Далеко за голошубихинской горой уже занялась светлая полоса. Белый густой туман затянул все лощинки, и озеро курится меж прибрежных кустов и деревьев. Ноги сразу же намокают выше колен от обильной росы, но холода не чувствуешь. Спускаюсь с берега на вчерашнее место. На траве, седой от росы, за мной тянется тёмный след. Я задеваю нависшие ветви деревьев и кустов, и на моё лицо и руки брызгают холодные капли.
Приготовив жерлицы, я набираю в ведёрко воды. Она тёплая, как парное молоко, и словно дымится от белого пара.
Разматываю удочки, закидываю их. Пролетел лёгкий предутренний ветерок — по воде пробежали одна за другой рябые дорожки, затрепетали листья осокорей. Далеко на Волге слышен густой гудок парохода. Низко, почти над самой головой, тяжело пронеслась большая стая уток. Запели разноголосые птицы, ударилась у противоположного берега щука, шарахнулась в стороны россыпь мелких рыбёшек. Постепенно стали вырисовываться в тумане противоположный берег, кусты тальника. Наступило тихое летнее утро. Из-за поворота озера неслышно выплыла наша «Борчага». Это Михаил Алексеевич уже наловил живцов.
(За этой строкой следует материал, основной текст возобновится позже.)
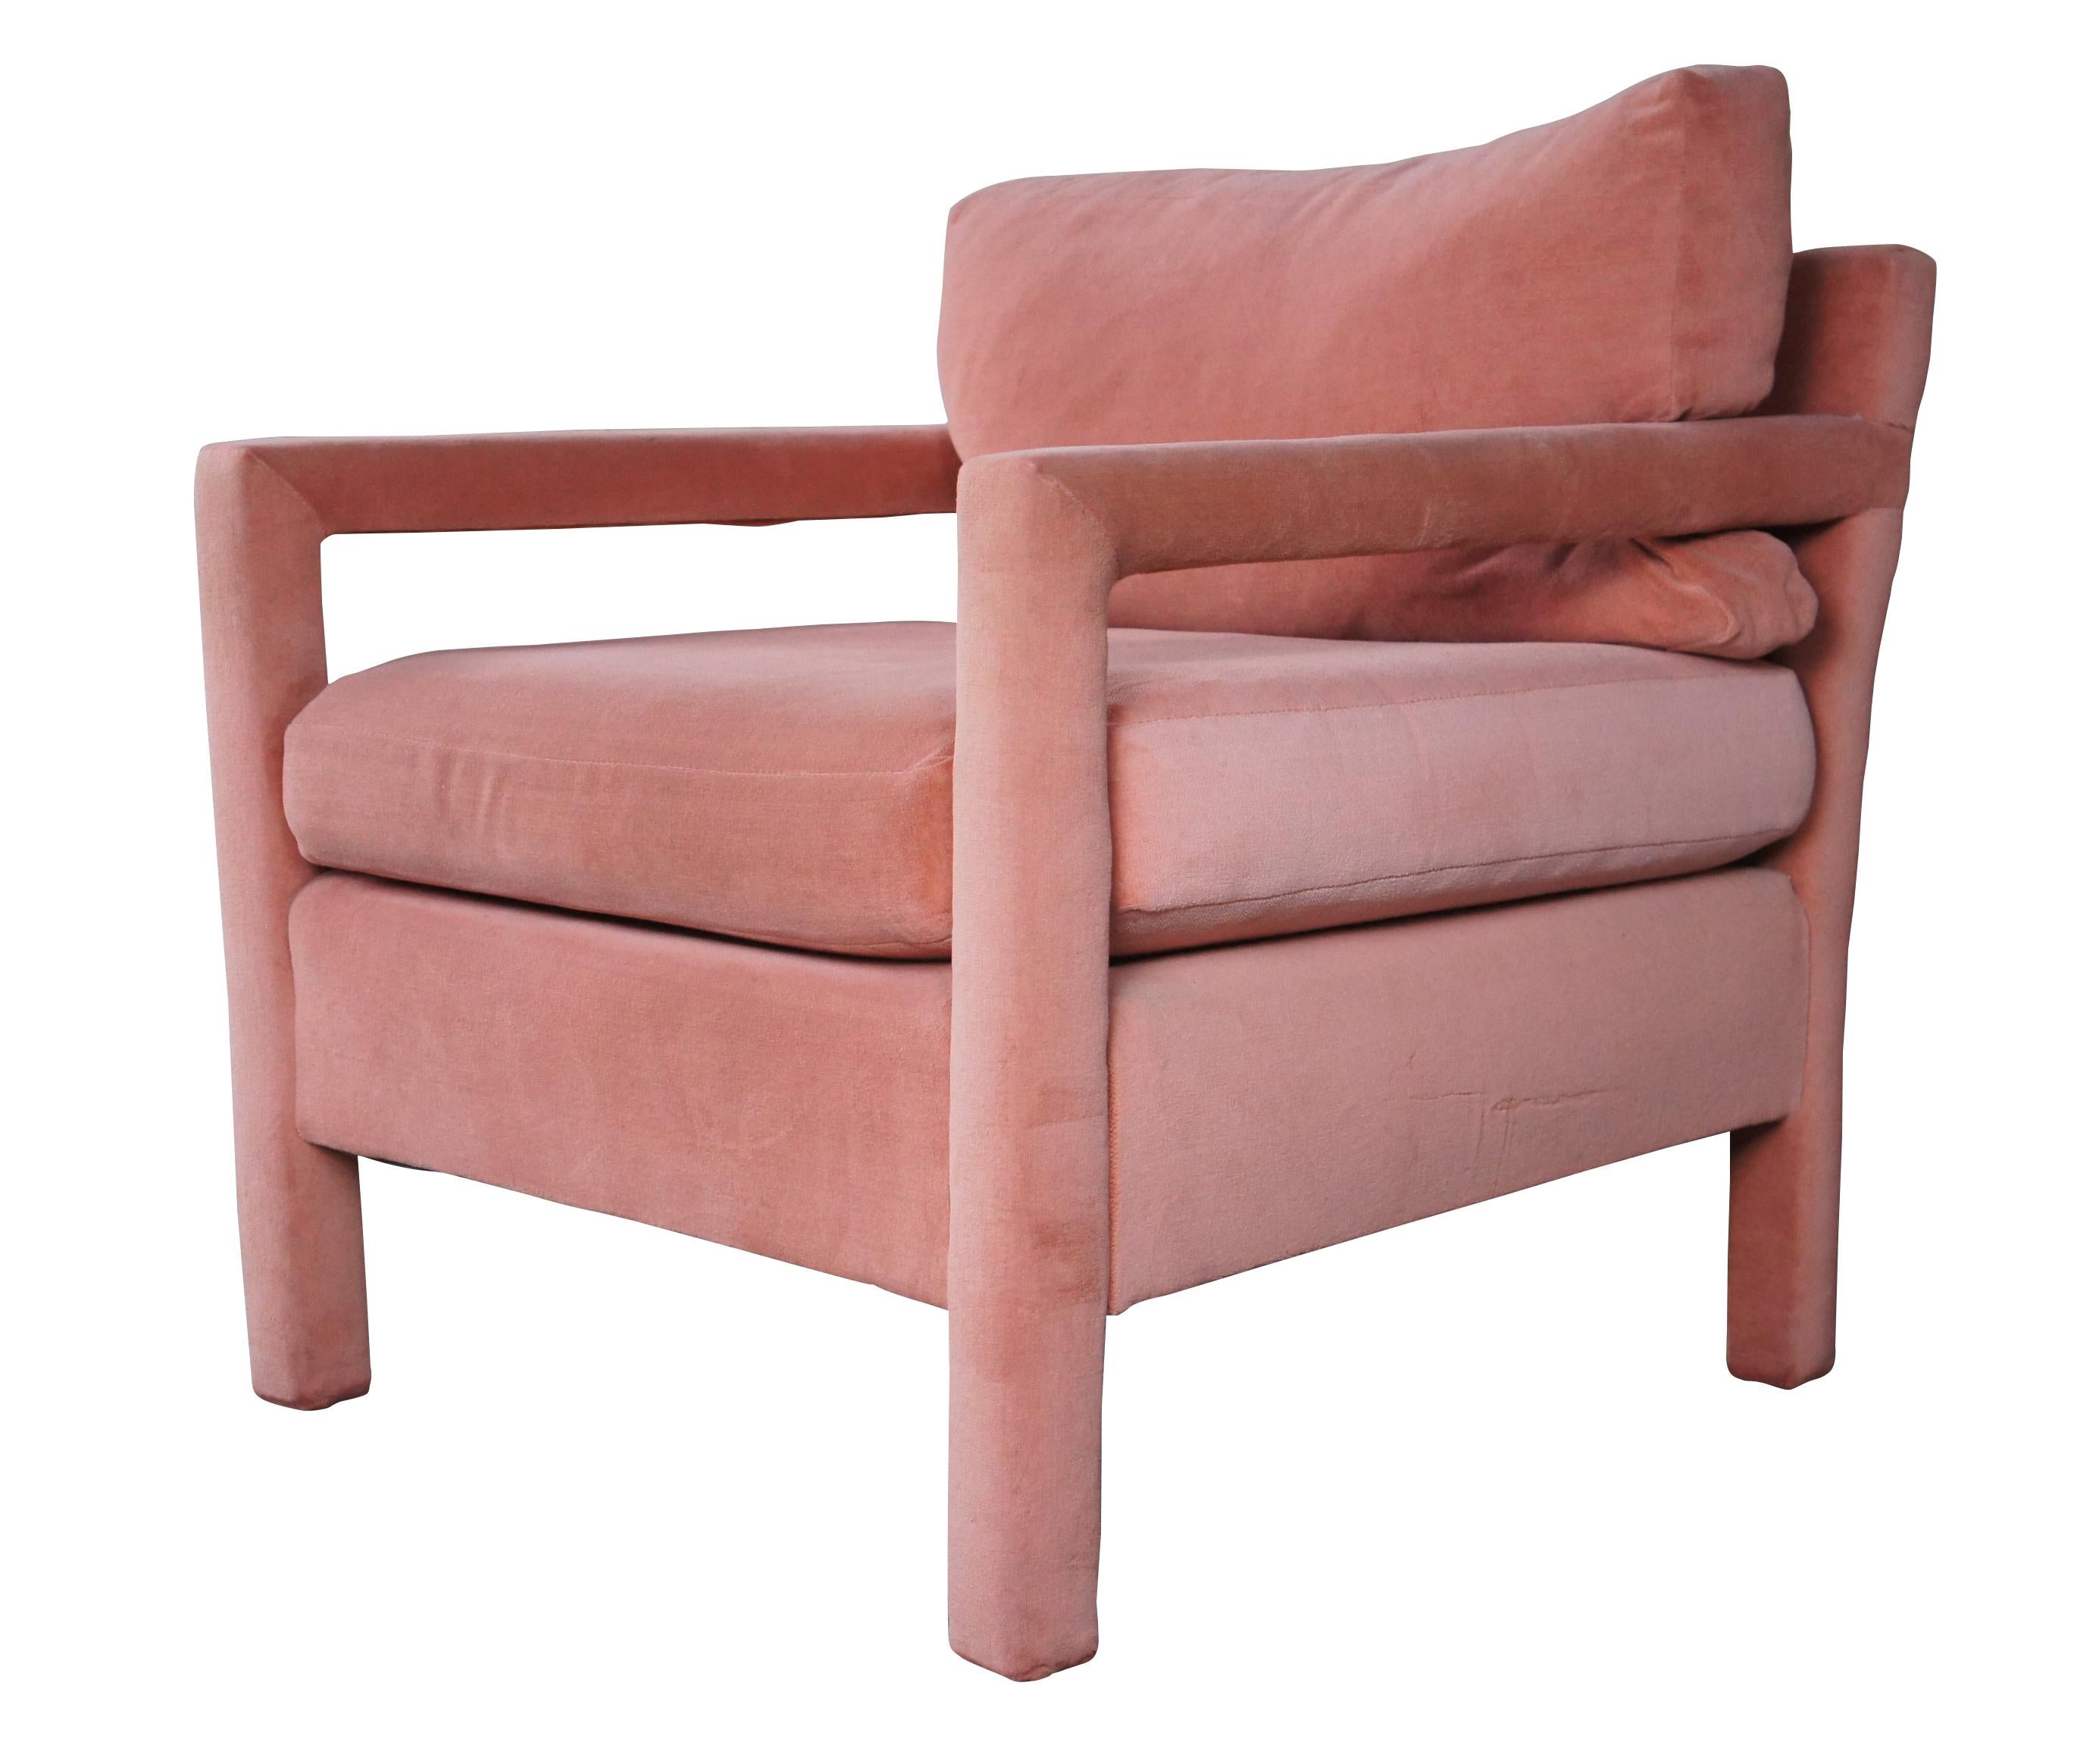 Ein auffälliger Stuhl im Parsons-Stil, der Milo Baughman für Thayer Coggins zugeschrieben wird, ca. 1970er Jahre.  Der würfelförmige Rahmen ist mit edlem rosa Mohair gepolstert.

Поднялось солнце и позолотило сначала вершины деревьев и кустов, а потом заиграло блестящими искрами, отражаясь в каплях росы.
Клёв идёт замечательный! Я едва успеваю насаживать червей. Попалась тройка совсем больших окуней. Один из них фунта на полтора, не меньше. Ну и задал же он мне перцу! Да и попался-то он на самую маленькую удочку, около берега. Он так глубоко заглотил насадку, что мне пришлось выпустить его в садок прямо с куском лески, а на удочку навязать новый крючок.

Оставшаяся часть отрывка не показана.